> On 9 Oct 2024, at 17:35, Richard Sandiford <richard.sandif...@arm.com> wrote:
>
> External email: Use caution opening links or attachments
>
>
> Tamar Christina <tamar.christ...@arm.com> writes:
>> Hi Richard,
>>
>>> -----Original Message-----
>>> From: Richard Sandiford <richard.sandif...@arm.com>
>>> Sent: Wednesday, October 9, 2024 12:58 PM
>>> To: gcc-patches@gcc.gnu.org
>>> Cc: ktkac...@nvidia.com; Richard Earnshaw <richard.earns...@arm.com>;
>>> Tamar Christina <tamar.christ...@arm.com>
>>> Subject: [PATCH] aarch64: Fix folding of degenerate svwhilele case
>>> [PR117045]
>>>
>>> The svwhilele folder mishandled the degenerate case in which
>>> the second argument is the maximum integer. In that case,
>>> the result is all-true regardless of the first parameter:
>>>
>>> If the second scalar operand is equal to the maximum signed integer
>>> value then a condition which includes an equality test can never fail
>>> and the result will be an all-true predicate.
>>>
>>> This is because the conceptual "increment the first operand
>>> by 1 after each element" is done modulo the range of the operand.

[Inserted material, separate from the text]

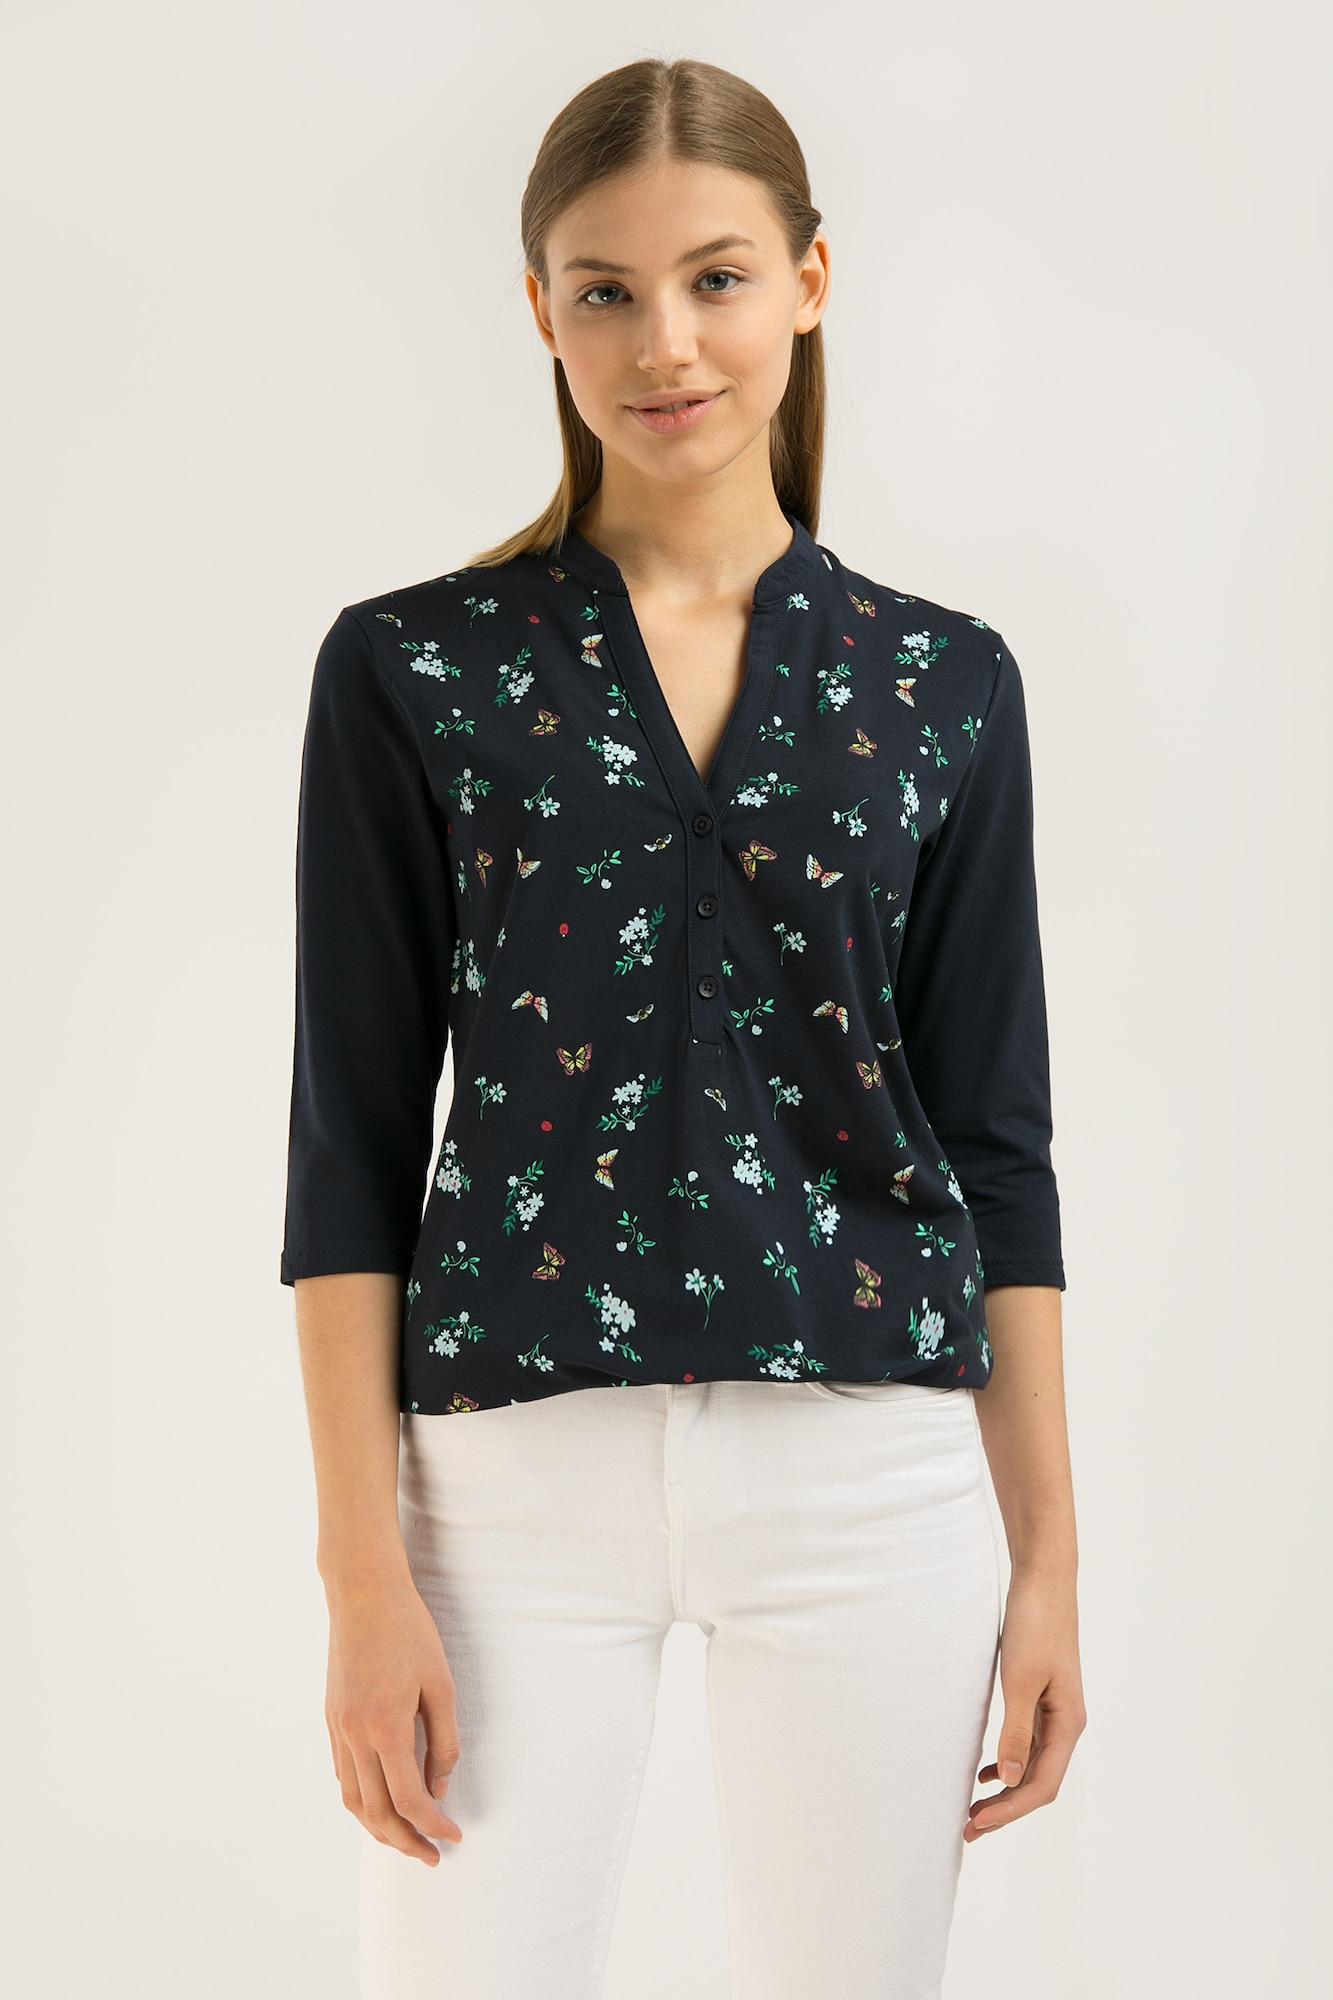 finn flare - Stylische Bluse mit zartem Blumenmuster

>>> The GCC code was instead treating it as infinite precision.
>>> whilele_5.c even had a test for the incorrect behaviour.
>>>
>>> The easiest fix seemed to be to handle that case specially before
>>> doing constant folding. This also copes with variable first operands.
>>>
>>> Tested on aarch64-linux-gnu. I'll push on Friday if there are no
>>> comments before then. Since it's a wrong-code bug, I'd also like
>>> to backport to release branches.
>>>
>>> Thanks,
>>> Richard
>>>
>>>
>>> gcc/
>>> PR target/116999
>>> PR target/117045
>>> * config/aarch64/aarch64-sve-builtins-base.cc
>>> (svwhilelx_impl::fold): Check for WHILELTs of the minimum value
>>> and WHILELEs of the maximum value. Fold them to all-false and
>>> all-true respectively.
>>>
>>> gcc/testsuite/
>>> PR target/116999
>>> PR target/117045
>>> * gcc.target/aarch64/sve/acle/general/whilele_5.c: Fix bogus
>>> expected result.
>>> * gcc.target/aarch64/sve/acle/general/whilele_11.c: New test.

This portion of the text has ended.